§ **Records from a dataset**
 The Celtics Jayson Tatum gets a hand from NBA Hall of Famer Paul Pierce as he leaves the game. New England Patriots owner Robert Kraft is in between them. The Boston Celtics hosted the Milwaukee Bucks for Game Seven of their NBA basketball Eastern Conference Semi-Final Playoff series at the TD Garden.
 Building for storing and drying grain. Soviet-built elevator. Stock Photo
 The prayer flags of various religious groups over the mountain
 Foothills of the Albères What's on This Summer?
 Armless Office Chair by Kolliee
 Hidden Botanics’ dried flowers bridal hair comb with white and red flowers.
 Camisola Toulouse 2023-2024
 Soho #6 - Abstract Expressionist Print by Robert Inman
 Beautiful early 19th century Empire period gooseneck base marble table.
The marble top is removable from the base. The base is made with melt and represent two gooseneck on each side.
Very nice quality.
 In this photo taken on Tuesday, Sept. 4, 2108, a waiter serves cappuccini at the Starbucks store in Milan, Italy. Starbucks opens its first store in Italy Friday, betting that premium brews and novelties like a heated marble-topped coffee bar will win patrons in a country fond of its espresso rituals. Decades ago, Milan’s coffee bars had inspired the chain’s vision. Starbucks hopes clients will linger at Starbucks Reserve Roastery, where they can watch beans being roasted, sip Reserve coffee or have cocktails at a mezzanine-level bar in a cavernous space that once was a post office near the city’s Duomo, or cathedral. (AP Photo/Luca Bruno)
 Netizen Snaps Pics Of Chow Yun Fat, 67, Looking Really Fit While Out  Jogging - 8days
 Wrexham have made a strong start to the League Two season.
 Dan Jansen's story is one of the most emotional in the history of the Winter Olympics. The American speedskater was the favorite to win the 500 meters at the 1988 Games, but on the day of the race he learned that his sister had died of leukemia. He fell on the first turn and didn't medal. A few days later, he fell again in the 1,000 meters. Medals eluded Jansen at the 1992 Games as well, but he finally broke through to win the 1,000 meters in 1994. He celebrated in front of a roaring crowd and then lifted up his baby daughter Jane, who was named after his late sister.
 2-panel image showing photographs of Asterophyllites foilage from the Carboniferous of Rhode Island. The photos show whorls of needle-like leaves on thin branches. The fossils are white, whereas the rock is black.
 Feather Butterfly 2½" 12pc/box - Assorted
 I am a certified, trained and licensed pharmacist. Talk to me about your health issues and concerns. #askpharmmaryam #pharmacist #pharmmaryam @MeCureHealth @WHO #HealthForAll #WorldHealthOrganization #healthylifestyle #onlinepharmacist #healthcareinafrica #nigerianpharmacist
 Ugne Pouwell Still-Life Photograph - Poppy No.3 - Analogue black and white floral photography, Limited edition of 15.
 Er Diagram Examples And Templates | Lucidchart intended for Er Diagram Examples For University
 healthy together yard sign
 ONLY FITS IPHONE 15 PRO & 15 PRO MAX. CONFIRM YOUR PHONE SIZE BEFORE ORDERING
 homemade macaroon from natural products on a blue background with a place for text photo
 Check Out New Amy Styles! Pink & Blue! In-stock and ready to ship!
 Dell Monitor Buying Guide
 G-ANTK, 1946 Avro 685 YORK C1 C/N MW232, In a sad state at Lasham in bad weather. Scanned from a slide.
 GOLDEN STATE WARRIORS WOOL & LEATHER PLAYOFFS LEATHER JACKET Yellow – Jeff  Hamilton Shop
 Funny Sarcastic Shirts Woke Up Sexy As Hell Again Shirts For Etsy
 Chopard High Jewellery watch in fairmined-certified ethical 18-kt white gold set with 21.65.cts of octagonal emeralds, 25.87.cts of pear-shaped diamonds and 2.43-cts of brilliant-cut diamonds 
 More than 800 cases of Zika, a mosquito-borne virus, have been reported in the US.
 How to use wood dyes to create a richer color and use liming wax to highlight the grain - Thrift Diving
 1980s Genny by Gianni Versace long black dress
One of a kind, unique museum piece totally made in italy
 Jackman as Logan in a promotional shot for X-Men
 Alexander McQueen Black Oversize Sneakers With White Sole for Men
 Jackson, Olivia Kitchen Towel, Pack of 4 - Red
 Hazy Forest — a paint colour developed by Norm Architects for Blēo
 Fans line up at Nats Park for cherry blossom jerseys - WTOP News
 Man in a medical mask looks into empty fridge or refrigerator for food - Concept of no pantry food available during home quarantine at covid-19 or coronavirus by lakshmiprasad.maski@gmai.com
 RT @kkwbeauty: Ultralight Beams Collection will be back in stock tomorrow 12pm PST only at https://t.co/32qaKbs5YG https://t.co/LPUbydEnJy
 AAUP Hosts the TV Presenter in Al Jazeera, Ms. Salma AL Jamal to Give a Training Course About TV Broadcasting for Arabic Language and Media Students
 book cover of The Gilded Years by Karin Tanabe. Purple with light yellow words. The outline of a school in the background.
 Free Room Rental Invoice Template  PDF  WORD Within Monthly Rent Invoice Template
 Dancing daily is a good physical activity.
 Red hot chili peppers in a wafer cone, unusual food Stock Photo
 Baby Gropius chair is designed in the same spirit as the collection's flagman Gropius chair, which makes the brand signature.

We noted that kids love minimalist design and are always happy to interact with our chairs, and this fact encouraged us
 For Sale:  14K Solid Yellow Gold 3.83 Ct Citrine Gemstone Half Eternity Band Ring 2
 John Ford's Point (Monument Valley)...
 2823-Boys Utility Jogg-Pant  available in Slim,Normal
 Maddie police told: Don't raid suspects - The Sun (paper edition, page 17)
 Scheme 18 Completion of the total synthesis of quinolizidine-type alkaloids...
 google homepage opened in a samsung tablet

§ **Work required**
Return exactly what appears in the records from the line with "Dancing daily is a good physical activity." through the final line, and nothing else.

§ **Solution below**
 Dancing daily is a good physical activity.
 Red hot chili peppers in a wafer cone, unusual food Stock Photo
 Baby Gropius chair is designed in the same spirit as the collection's flagman Gropius chair, which makes the brand signature.

We noted that kids love minimalist design and are always happy to interact with our chairs, and this fact encouraged us
 For Sale:  14K Solid Yellow Gold 3.83 Ct Citrine Gemstone Half Eternity Band Ring 2
 John Ford's Point (Monument Valley)...
 2823-Boys Utility Jogg-Pant  available in Slim,Normal
 Maddie police told: Don't raid suspects - The Sun (paper edition, page 17)
 Scheme 18 Completion of the total synthesis of quinolizidine-type alkaloids...
 google homepage opened in a samsung tablet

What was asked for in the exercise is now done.